步骤103、根据所述第二原始训练样本图像以及所述第二原始训练样本图像对应的风格样本图像,得到配对训练样本图像集。
步骤104、利用所述配对训练样本图像集对风格迁移模型进行训练,得到训练后的风格迁移模型。
需要说明的是,本实施例的提供的风格迁移模型训练方法的执行主体为前述的风格迁移模型训练装置,在本公开的一些实施例中,风格迁移模型训练装置可以为服务器;在另一些实施方式中,风格迁移模型训练装置的主体可以为终端,从而使得终端能够基于训练后的风格迁移模型对目标图像进行处理。
为了使得训练后的风格迁移模型能够有着更佳的图像风格迁移能力,在本公开提供的实施方式中将构建两个神经网络模型,以应对图像风格迁移过程中的不同处理需求。
基于此,为了能够使得训练后的风格迁移模型具有质量更佳的训练效果,在本实施方式中首先将利用非配对训练图像集对风格图像生成模型进行训练,以使得训练后的风格图像生成模型用于获得配对训练图像集。
具体的,风格图像生成模型具体可包括生成对抗网络,从而使得其能够实现对配对训练集的获取。首先,获取非配对训练图像集,以对该风格图像生成模型进行非配对训练。非配对训练图像集中至少包括预设风格训练样本图像以及第一原始训练样本图像。
其中,预设风格训练样本图像是指具有统一的目标风格的图像,例如,具有特定风格的图像。
第一原始训练样本图像则是指真实图像,即,未经过风格迁移处理的图像。
可选的,为了使得非配对训练图像集中的第一原始训练样本图像具有较高的图像质量,可预先对第一原始训练样本图像的原始数据进行预处理,以提高第一原始训练样本图像的图像质量。即,获取第一原始训练样本图像的原始数据,对所述第一原始训练样本图像的原始数据进行数据预处理,得到所述第一原始训练样本图像,而第一原始训练样本图像和预先获取的预设风格训练样本图像构成所述非配对训练图像集。

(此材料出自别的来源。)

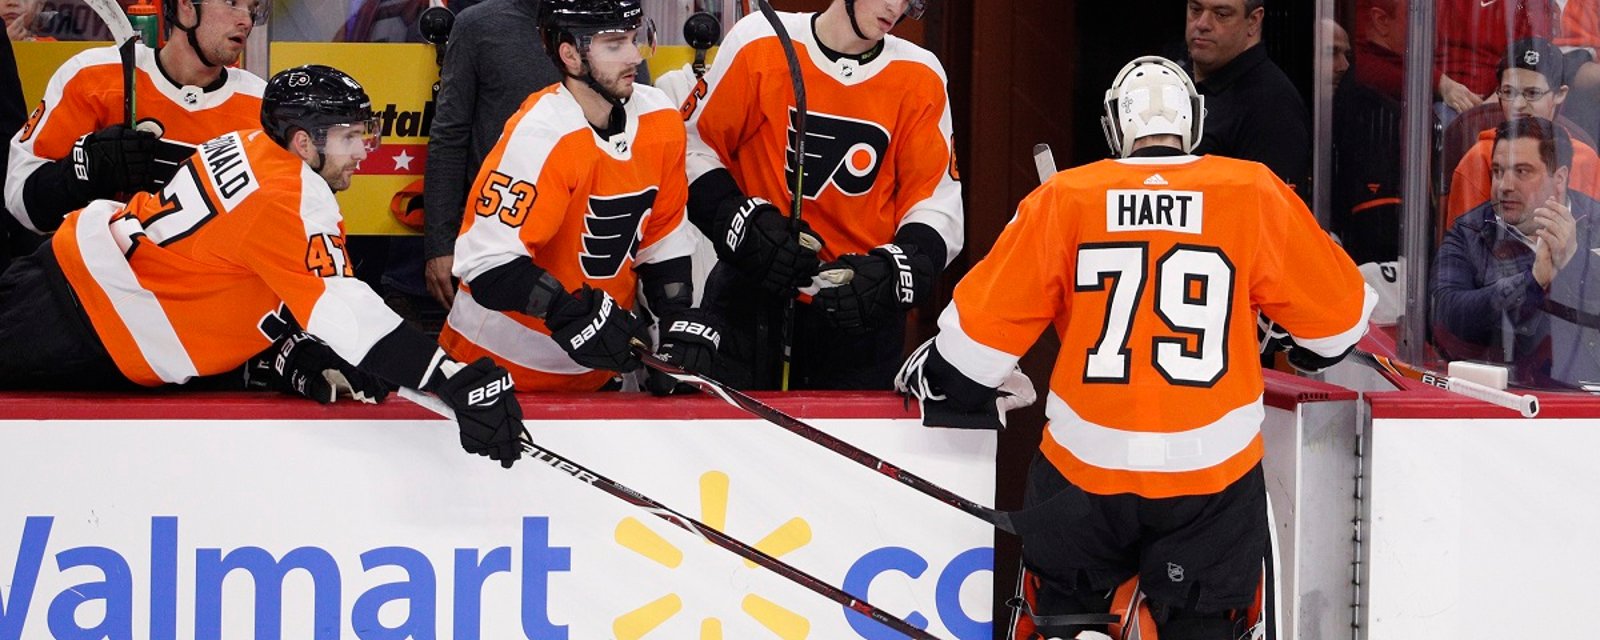 Breaking: Bad news for young Flyers star Carter Hart.

其中,对于第一原始训练样本图像来说,其图像中包括有目标区域,例如,人脸区域,而图像中的人脸区域的尺寸和比例将会影响到模型对其进行特征提取等处理时的处理效果。基于此,可选实施方式中,可先对原始数据进行目标检测,确定所述第一原始训练样本图像中的目标区域;然后,根据所述目标区域,对所述目标区域进行裁剪对齐处理,得到所述非配对训练图像集中的所述第一原始训练样本图像。其中的目标检测具体可为人脸检测,而目标区域具体可为人脸区域。
具体来说,对于人脸检测可以采用常用的检测图像中人脸区域所在位置的技术手段,本实施方式对实现其人脸检测的具体实现方式不进行限制。

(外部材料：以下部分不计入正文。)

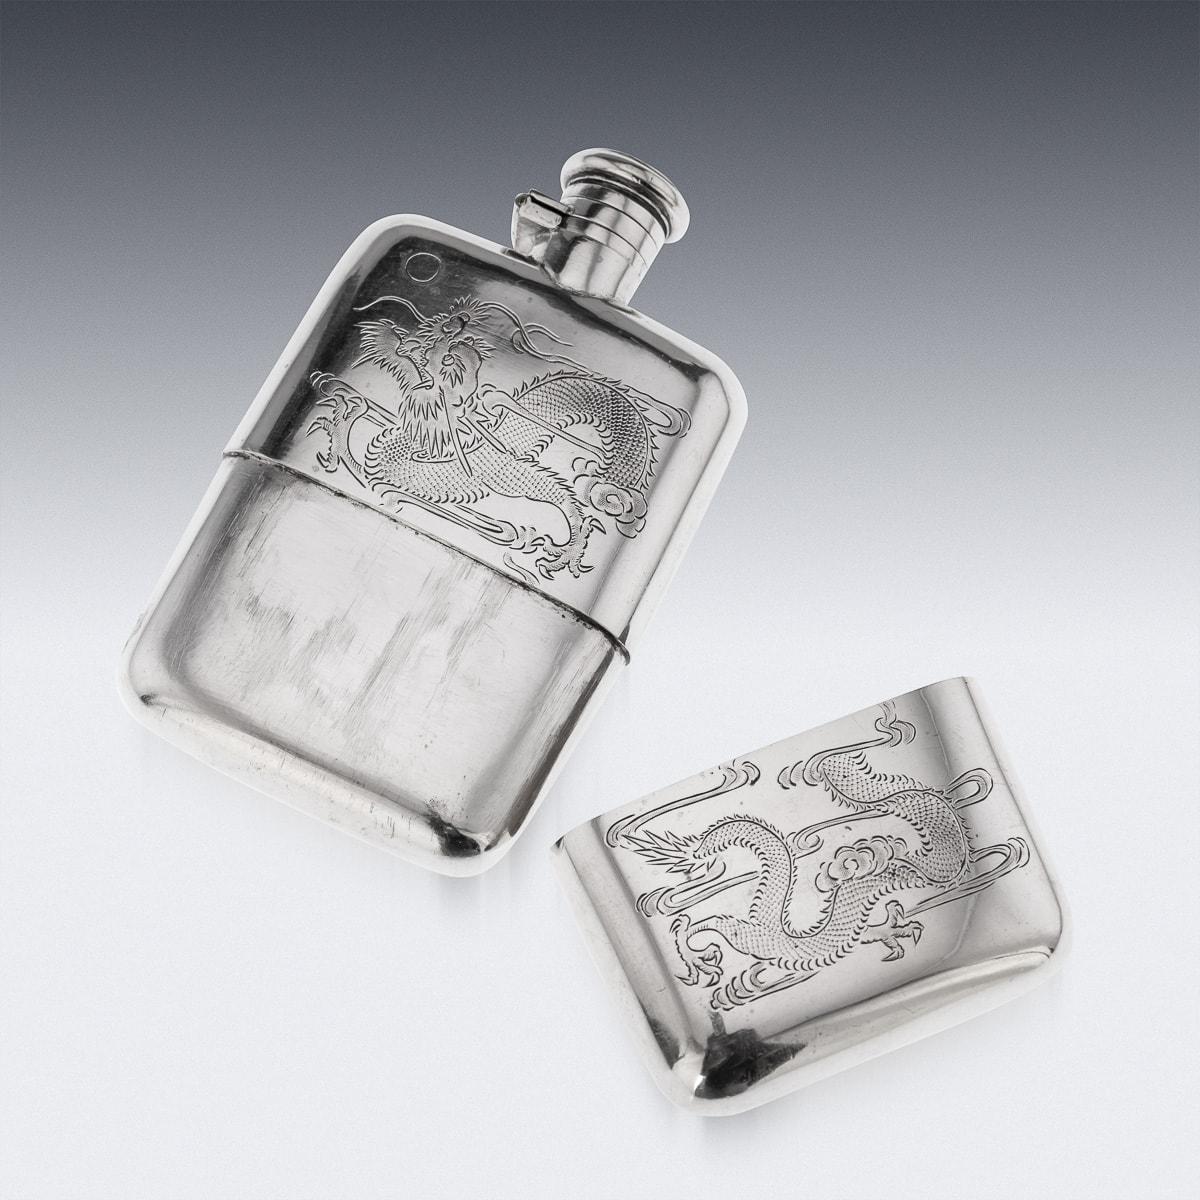 A stunning early 20th Century Chinese Export solid silver hip flask with silver hinged top and removable cup. This flask has an outer design featuring a Chinese dragon. Dragons in Chinese culture symbolise great power, good luck and strength. They

当完成对原始数据进行人脸检测之后,可以获得人脸检测框,以用于表示第一原始训练样本图像中的人脸所在的人脸区域。然后,可根据人脸检测框所标出的人脸区域,对原始数据进行裁剪和对齐处理,以使得获得的原始图像的长宽比例大于1:1,例如,可以为1.3:1,在该长宽比例下,模型能够得到更好的训练效果。
当完成上述处理后,可以构建包括有第一原始训练样本图像和预设风格训练样本图像的非配对训练图像集,并利用该非配对训练图像集对预先建立的风格图像生成模型进行训练。
具体的,对风格图像生成模型的训练一般是一个多次循环训练的过程,即,当利用非配对训练图像集中的各第一原始训练样本图像以及各预设风格训练样本图像输入至风格图像生成模型并得到本次训练后的风格图像生成模型之后,根据实际需求,还可以将相同的非配对训练图像集中的各图像再次重新输入该前次训练后的风格图像生成模型中,以再次对风格图像生成模型进行训练,重复该处理过程至预设次数。基于实际需求,当训练后的风格图像生成模型能够输出与第一原始训练样本图像对应的风格图像时,训练可以停止,并获取到训练后的风格图像生成模型。
进一步地,所述风格图像生成模型包括第一生成对抗网络,所述第一生成对抗网络包括第一生成器和第一判别器。相应的,在利用所述非配对训练图像集对风格图像生成模型进行训练时,包括:从所述非配对训练图像集中各第一原始训练样本图像中选出任一训练样本图像作为第一生成训练图像;将所述第一生成训练图像输入至所述第一生成器,得到第一中间图像;将所述第一中间图像以及所述非配对训练图像集中与所述第一生成训练图像对应的预设风格训练样本图像,输入至第一判别器,得到判别结果;根据 所述判别结果对所述第一生成器进行调参,并从所述非配对训练图像集中各第一原始训练样本图像中选出下一训练样本图像作为第一生成训练图像,返回所述将第一生成训练图像输入至所述第一生成器的步骤直至所述第一生成器符合预设条件。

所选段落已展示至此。